Configure Loopback interface and activate VXLAN

{
 "LOOPBACK_INTERFACE": {
  "Loopback0": {},
  "Loopback0|<loopback address/32>": {}
 },
 "VXLAN_TUNNEL": {
  "vtep": {
   "src_ip": "<loopback address>"
  }
 }
}

Configure MTU

{
 "PORT": {
  "Ethernet0": {
   "mtu": "9000"
  }
 }
}

Configure PXE Vlan

{
 "VLAN": {
  "Vlan4000": {
   "vlanid": "4000"
  }
 },
 "VLAN_INTERFACE": {
  "Vlan4000": {},
  "Vlan4000|<metal core cidr>": {}
 },
 "VLAN_MEMBER": {
  "Vlan4000|<interface>": {
   "tagging_mode": "untagged"
  }
 },
 "VXLAN_TUNNEL_MAP": {
  "vtep|map_104000_Vlan4000": {
   "vlan": "Vlan4000",
   "vni": "104000"
  }
 }
}

Configure VRF

{
 "INTERFACE": {
  "Ethernet0": {
   "vrf_name": "vrf104001"
  }
 },
 "VLAN": {
  "Vlan4001": {
   "vlanid": "4001"
  }
 },
 "VLAN_INTERFACE": {
  "Vlan4001": {
   "vrf_name": "vrf104001"
  }
 },
 "VRF": {
  "vrf104001": {
   "vni": "104001"
  }
 },
 "VXLAN_TUNNEL_MAP": {
  "vtep|map_104001_Vlan4001": {
   "vlan": "Vlan4001",
   "vni": "104001"
  }
 }
}

DHCP Relay

The DHCP relay container only starts if DEVICE_METADATA.localhost.type is equal to ToRRouter.

LLDP

SONiC always uses the local port subtype for LLDP and sets it to some freely configurable alias field of the interface.
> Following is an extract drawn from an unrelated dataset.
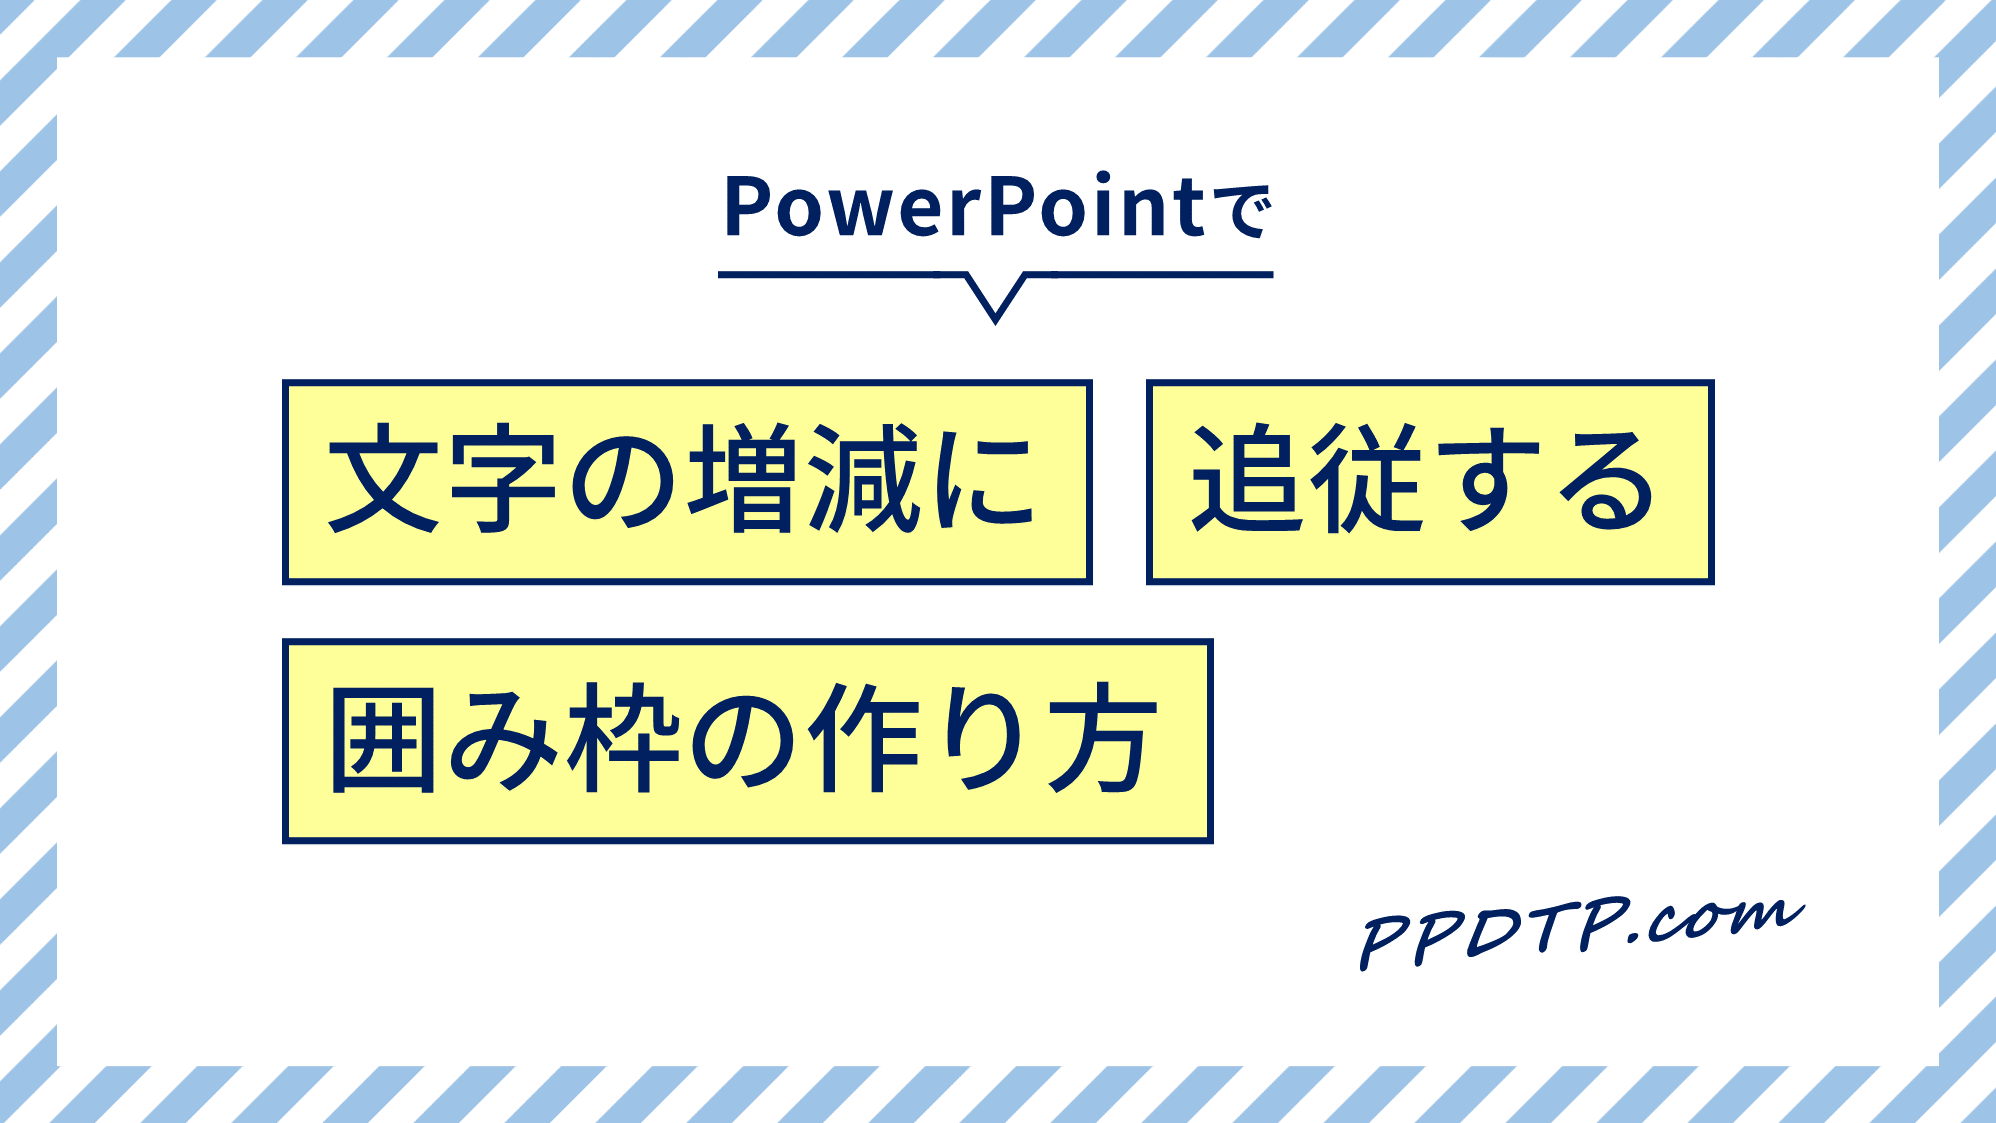 Powerpointで文章の増減に合わせ自動伸縮する囲み枠の作り方 Ppdtp

# Get the port alias. If None or empty string, use port name instead
port_alias = port_table_dict.get("alias")
if not port_alias:
    self.log_info("Unable to retrieve port alias for port '{}'. Using port name instead.".format(port_name))
    port_alias = port_name

lldpcli_cmd = "lldpcli configure ports {0} lldp portidsubtype local {1}".format(port_name, port_alias)

Reference: lldpmgr

Mgmt Interface

The mgmt interface is eth0. To configure a static IP address and activate the Mgmt VRF, use:

{
 "MGMT_INTERFACE": {
  "eth0|<mgmt cidr>": {
   "gwaddr": "<mgmt gateway>"
  }
 },
 "MGMT_VRF_CONFIG": {
  "vrf_global": {
   "mgmtVrfEnabled": "true"
  }
 }
}

IP forwarding is deactivated on eth0, and no IP Masquerade is configured.